Answer:
The collision of the hard baseball that bounces back will shut the door fastest.
Explanation:
Let the mass of the door be M
The mass of the hard baseball and soft clay Is m
Let the initial velocity of both the hard baseball and the soft clay be v₀
Let the Final velocity of the hard baseball be v₁
Then let the final velocity of the door be v
Using the law of conservation of Momentum,
Momentum before collision = Momentum after collision
For the hard baseball system
Momentum before collision = (m)(v₀) + (M)(0) = mv₀ (the initial velocity of the door is 0 m/s since it is at rest)
Momentum after collision = (m)(-v₁) + (M)(v)

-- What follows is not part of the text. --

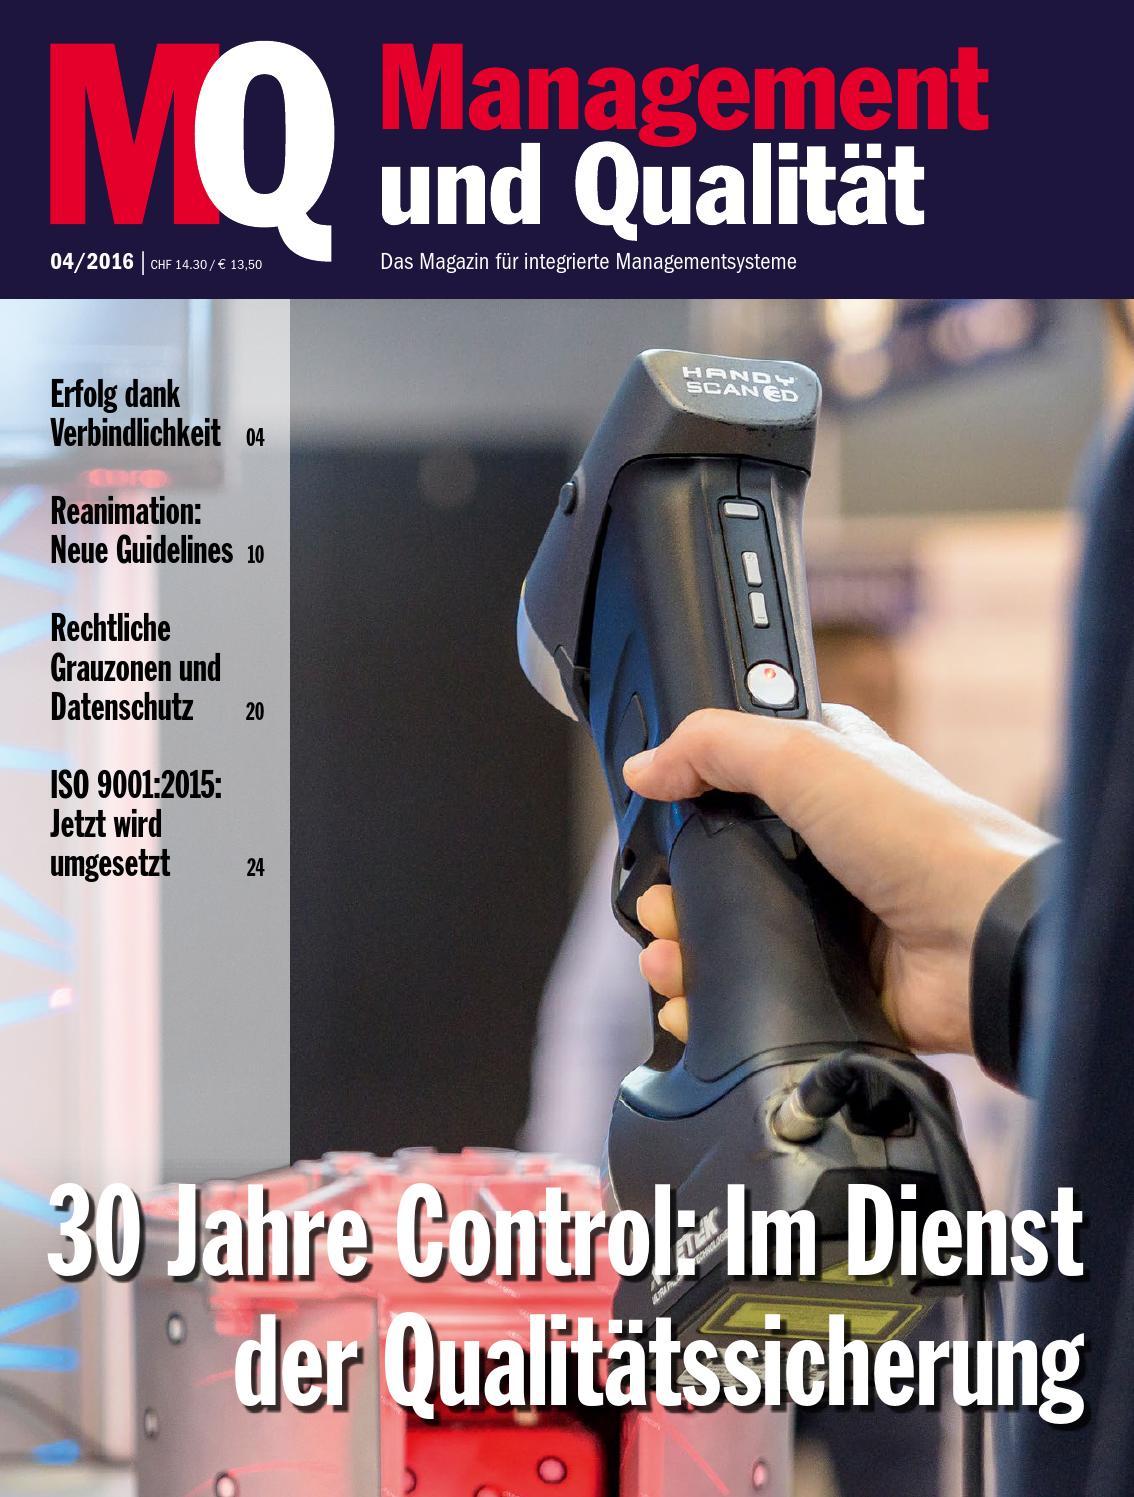 MQ Management und Qualität by SAQ Swiss Association for Quality - issuu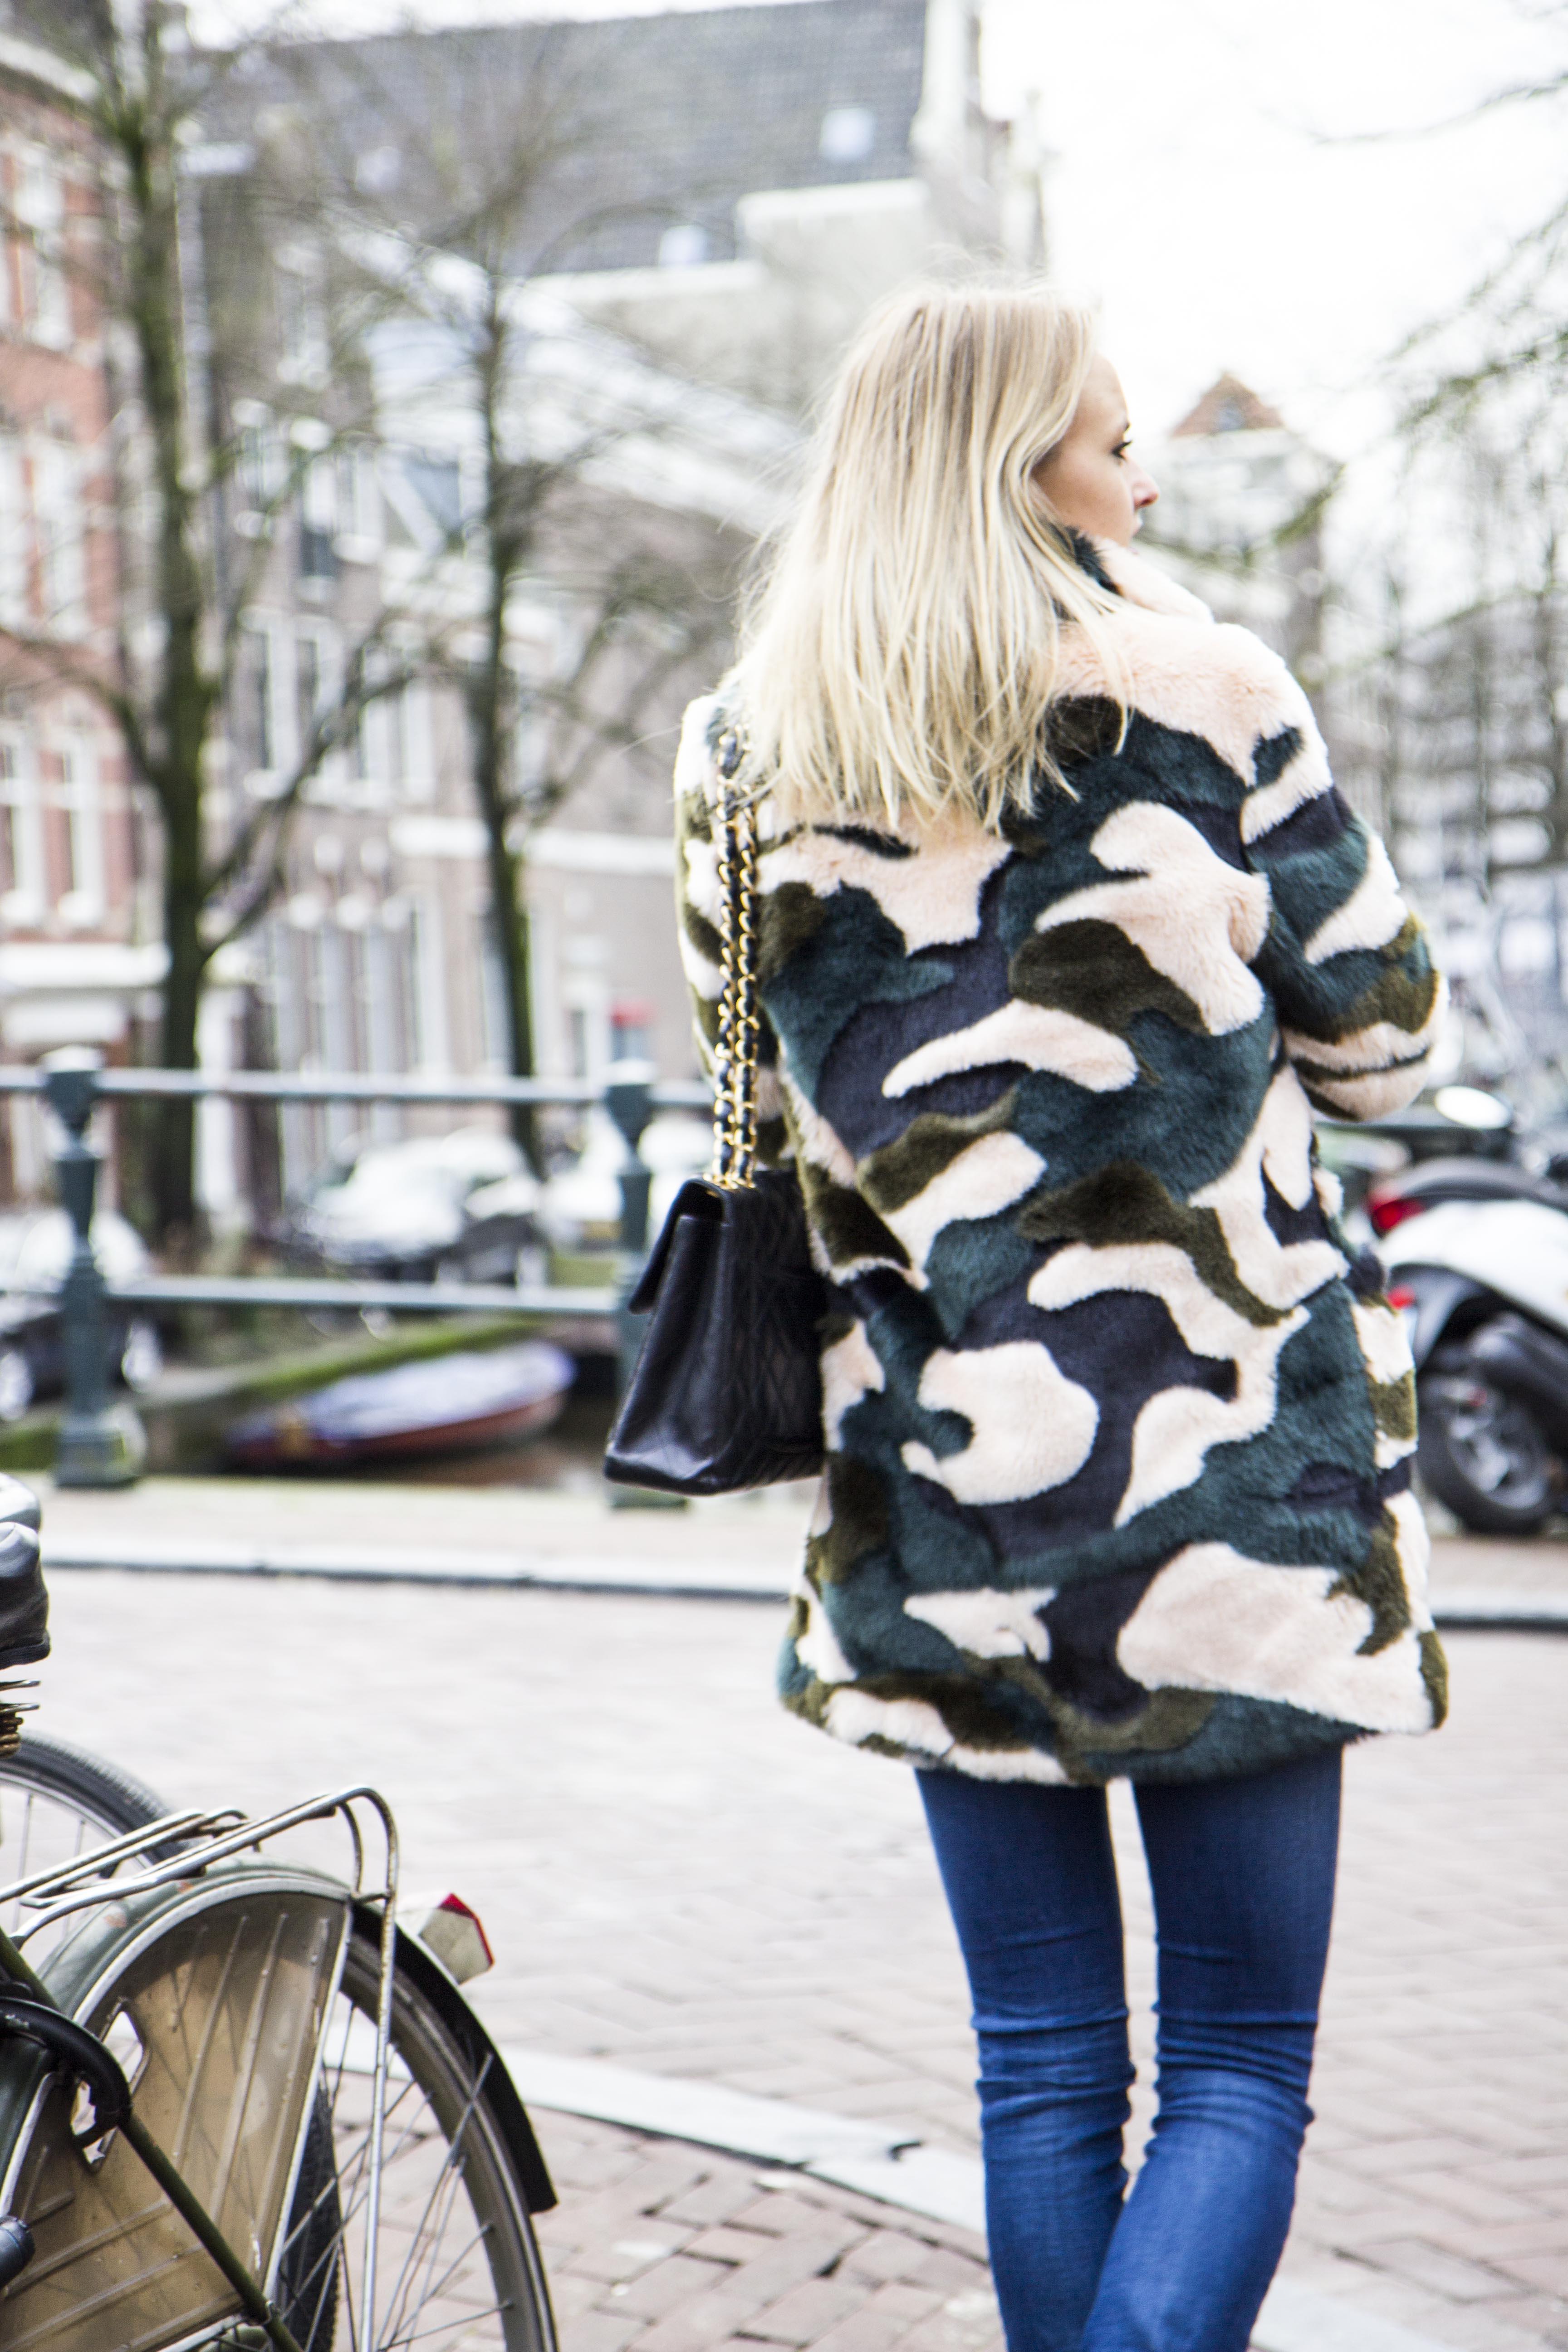 Bag at You - Chanel - Walk away

= (-mv₁ + Mv) (the velocity of the hard baseball after collision has a minus sign because it is in the opposite direction to the initial velocity)
mv₀ = (-mv₁ + Mv)
Mv = mv₀ + mv₁ = m(v₀ + v₁)
v = m(v₀ + v₁)/M
For the soft clay,
Momentum before collision = (m)(v₀) + (M)(0) = mv₀
Momentum after collision = (m + M)(v)
mv₀ = (m + M) v
v = mv₀/(m + M)
Comparing these two answers for the velocity of the door after collision
With hard baseball that bounces back
v = m(v₀ + v₁)/M
With soft clay that sticks to the door
v = mv₀/(m + M)
v for hard baseball has a bigger numerator and a smaller denominator, hence, it has the higher value and this means the door will close faster with a numerically higher final velocity from the elastic collision of the hard baseball with the door.
Hope this Helps!!!